REPO_ID = "username/my-model"
TOKEN = "your_token"
HEADERS = {"Authorization": f"Bearer {TOKEN}"}
def upload_large_file_multipart(file_path, repo_path):
"""Upload large file using LFS multipart protocol"""
# Calculate SHA256
print(f"Calculating SHA256 for {file_path}...")
sha256_hash = hashlib.sha256()
file_size = 0
with open(file_path, "rb") as f:
while chunk := f.read(8192):
sha256_hash.update(chunk)
file_size += len(chunk)
sha256 = sha256_hash.hexdigest()
print(f"SHA256: {sha256}, Size: {file_size:,} bytes")
# Step 1: LFS batch request
print("Requesting LFS batch upload URLs...")
batch_resp = requests.post(
f"{API_BASE}/{REPO_ID}.git/info/lfs/objects/batch",
json={
"operation": "upload",
"transfers": ["basic"],
"objects": [{"oid": sha256, "size": file_size}],
"hash_algo": "sha256"
},
headers=HEADERS
).json()
obj = batch_resp["objects"][0]
# Check if file already exists
if "actions" not in obj:
print("File already exists in LFS storage (deduplication)")
return {"oid": sha256, "size": file_size, "path": repo_path}
upload_action = obj["actions"]["upload"]
verify_action = obj["actions"]["verify"]
# Check if multipart
if "header" in upload_action and "chunk_size" in upload_action["header"]:
# Multipart upload
header = upload_action["header"]
chunk_size = int(header["chunk_size"])
upload_id = header["upload_id"]
print(f"Multipart upload: chunk_size={chunk_size:,} bytes")
# Calculate number of parts
num_parts = math.ceil(file_size / chunk_size)
print(f"Uploading {num_parts} parts in parallel...")
# Upload parts in parallel
parts = []
def upload_part(part_number):
"""Upload a single part"""
part_url = header[str(part_number)]
# Read chunk
with open(file_path, "rb") as f:
f.seek((part_number - 1) * chunk_size)
chunk = f.read(chunk_size)
# Upload
resp = requests.put(part_url, data=chunk)
resp.raise_for_status()
# Extract ETag (remove quotes if present)
etag = resp.headers["ETag"].strip('"')
print(f" Part {part_number}/{num_parts} uploaded (ETag: {etag[:8]}...)")
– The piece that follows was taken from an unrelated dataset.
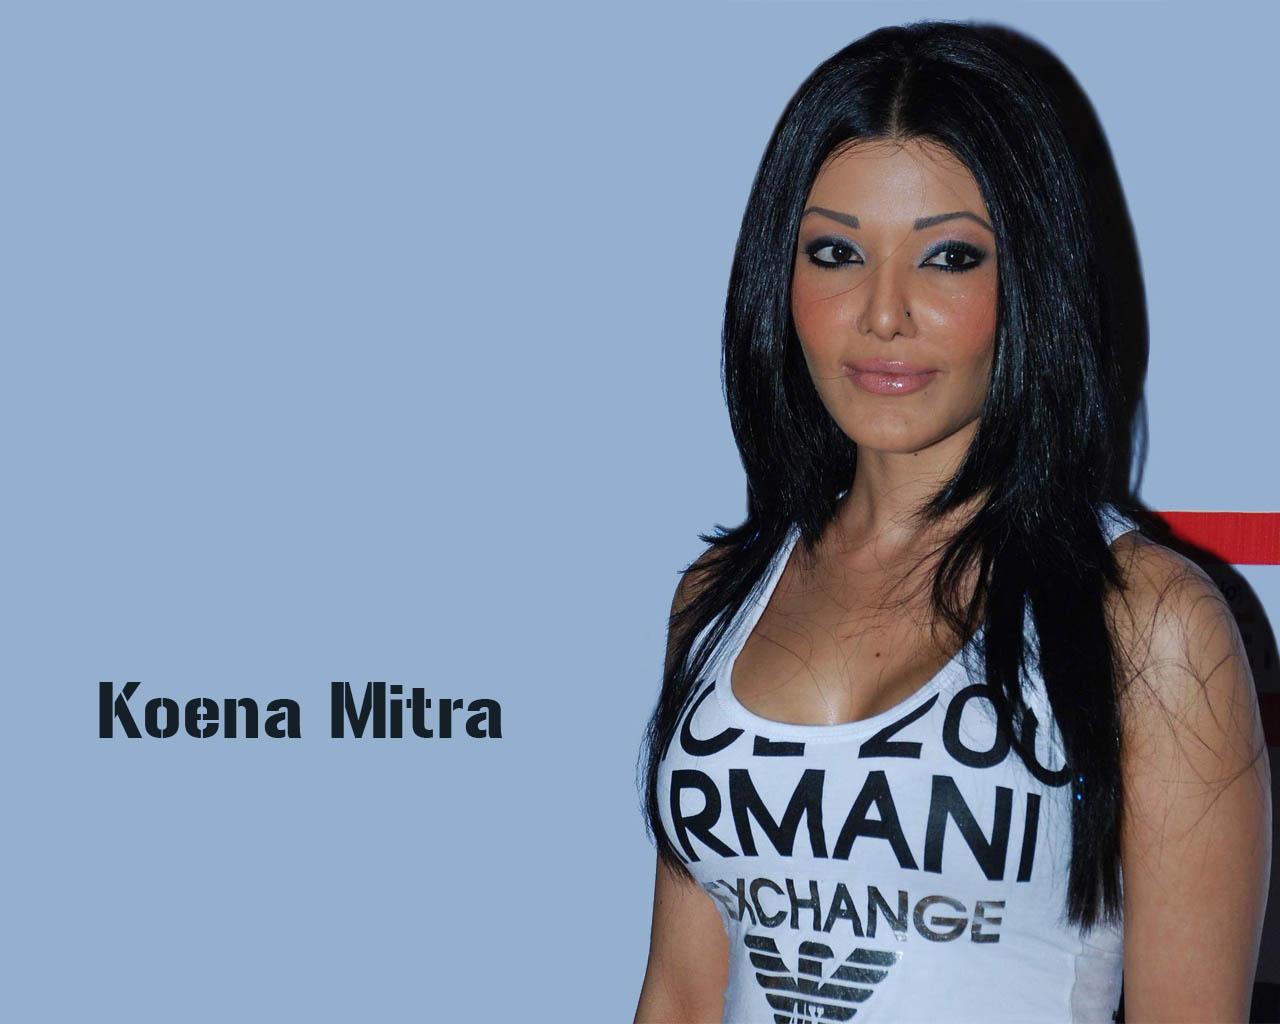 Koena Mitra Net Worth
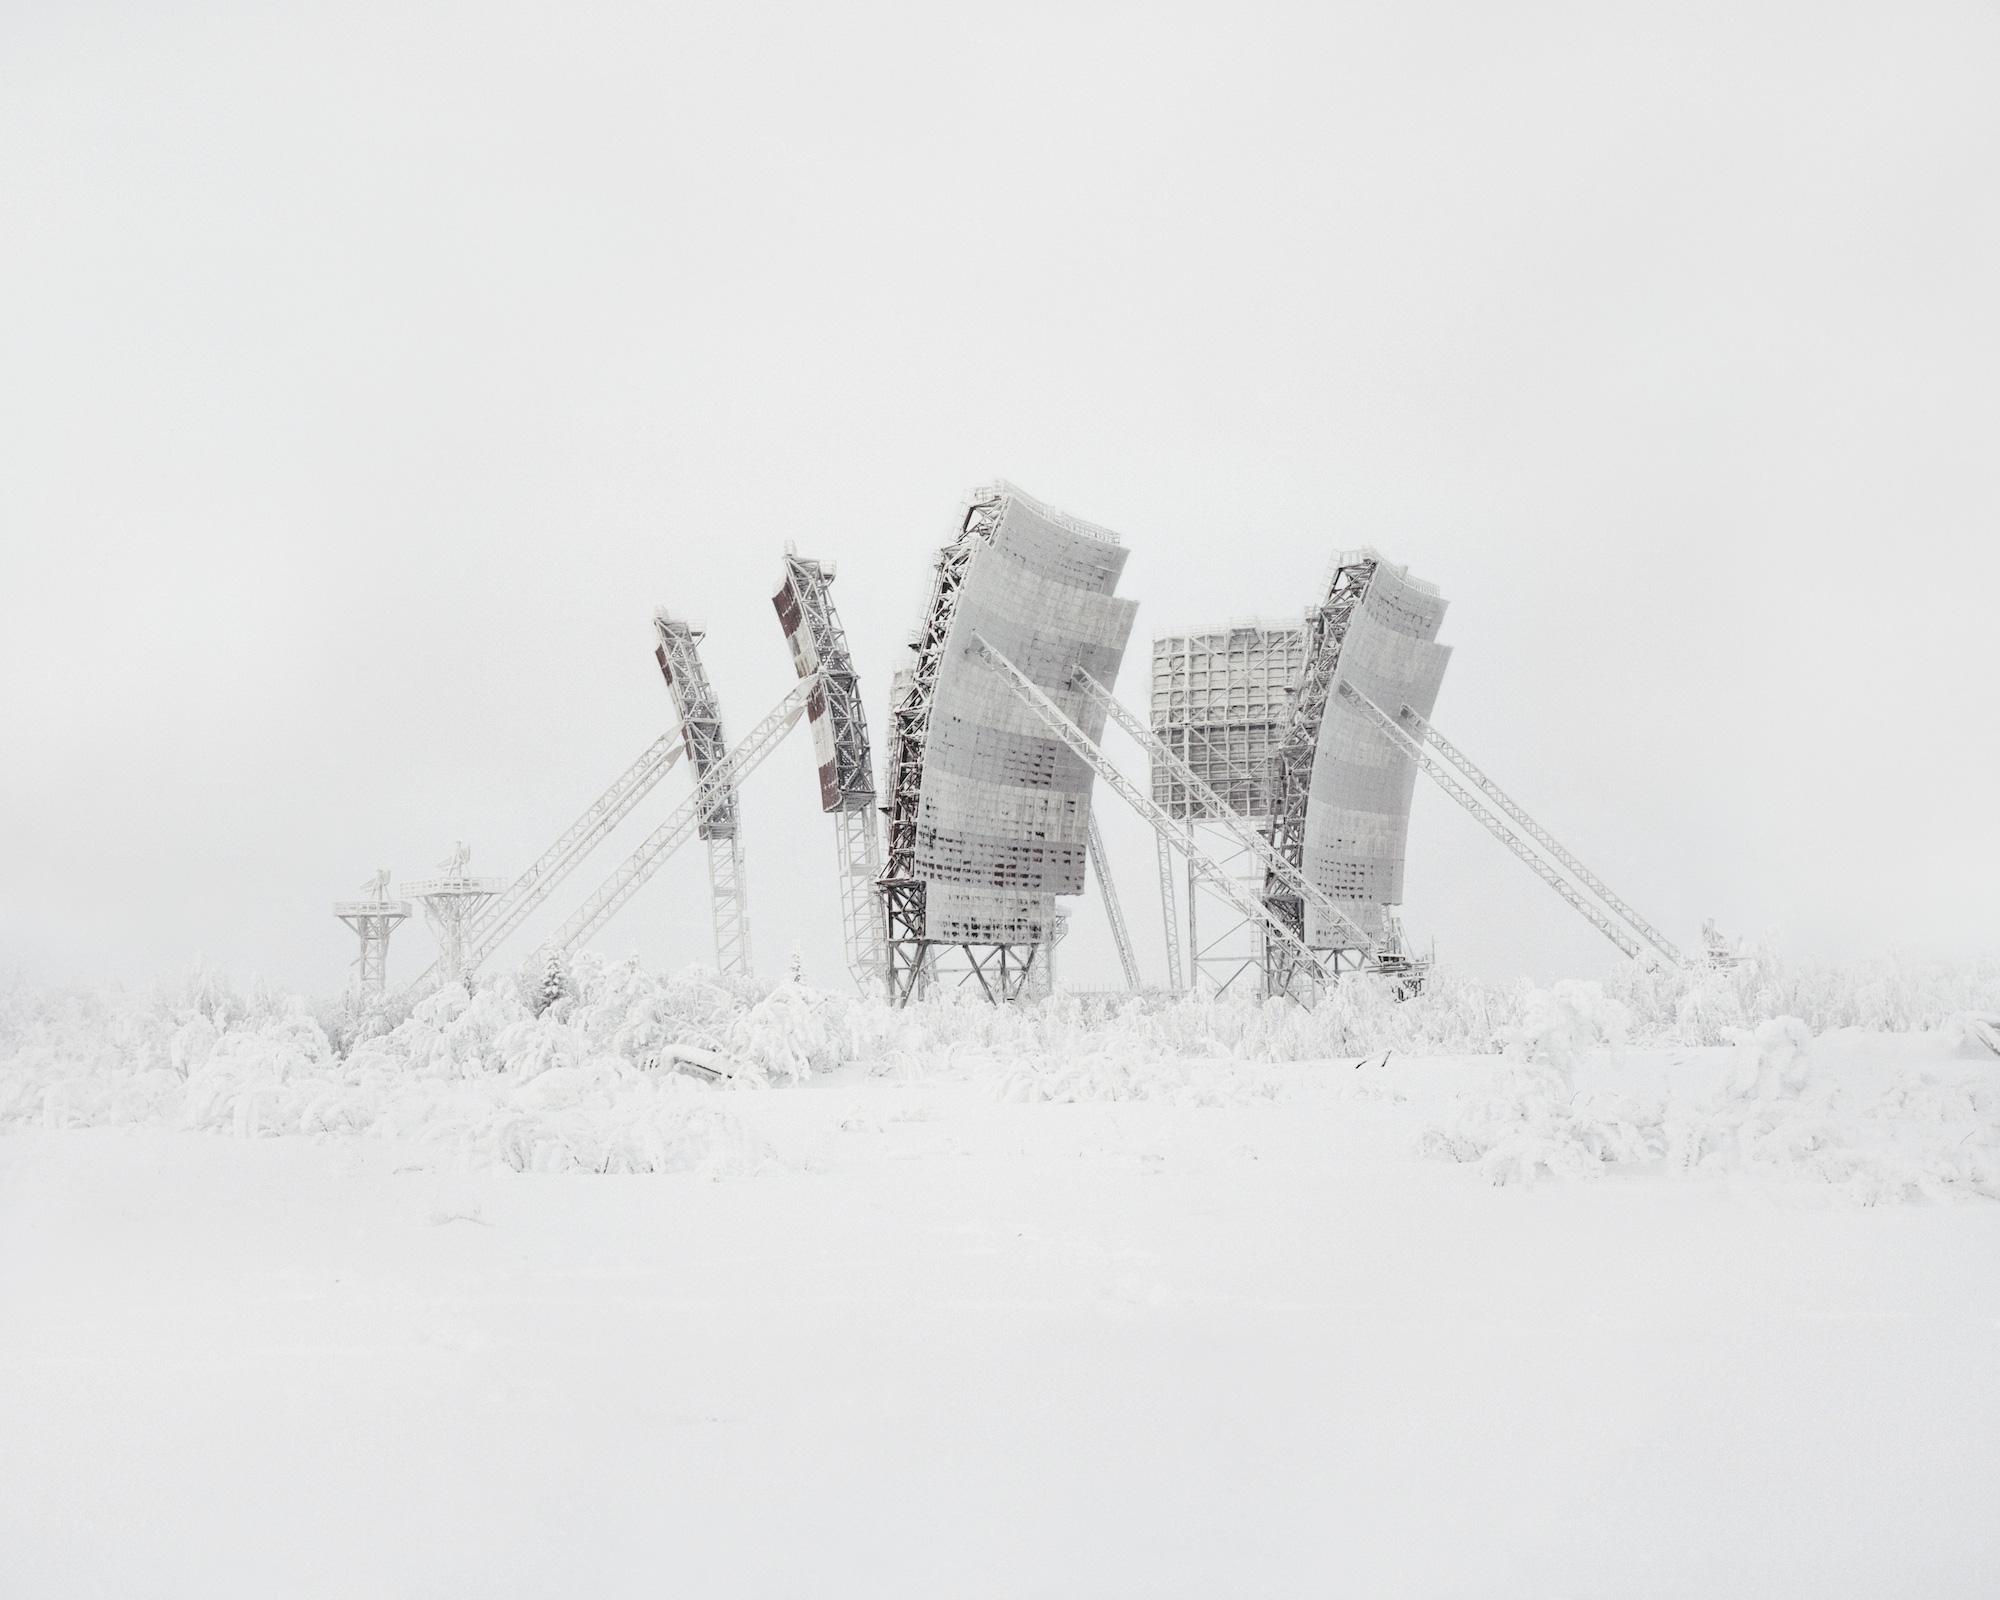 """""""Tschaika"""" – Antenne für Troposphärenfunk  – Russland, Autonomer Kreis der Jamal-Nenzen, 2014"""

return {"PartNumber": part_number, "ETag": etag}
# Upload parts concurrently (max 10 parallel)
with ThreadPoolExecutor(max_workers=10) as executor:
futures = [executor.submit(upload_part, i) for i in range(1, num_parts + 1)]
for future in as_completed(futures):
parts.append(future.result())
# Sort parts by part number
parts.sort(key=lambda p: p["PartNumber"])
# Step 2: Complete multipart upload
print("Completing multipart upload...")
complete_resp = requests.post(
f"{API_BASE}/{REPO_ID}.git/info/lfs/complete/{upload_id}",
json={
"oid": sha256,
"size": file_size,
"upload_id": upload_id,
"parts": parts
}
)
complete_resp.raise_for_status()
print("Multipart upload completed")
# Step 3: Verify with multipart info
print("Verifying upload...")
verify_resp = requests.post(
verify_action["href"],
json={
"oid": sha256,
"size": file_size,
"upload_id": upload_id,
"parts": parts
}
)
verify_resp.raise_for_status()
print("Upload verified")
else:
# Single-part upload (< 100MB)
print("Single-part upload...")
with open(file_path, "rb") as f:
requests.put(upload_action["href"], data=f)
# Verify
requests.post(
verify_action["href"],
json={"oid": sha256, "size": file_size}
)
print("Upload complete")
return {"oid": sha256, "size": file_size, "path": repo_path}
# Upload large model file
model_info = upload_large_file_multipart(
"large_model.safetensors", # Local file (e.g., 5GB)
"model.safetensors" # Path in repo
)
# Upload config (regular file)
with open("config.json", "rb") as f:
config_b64 = json.dumps(json.load(f)).encode()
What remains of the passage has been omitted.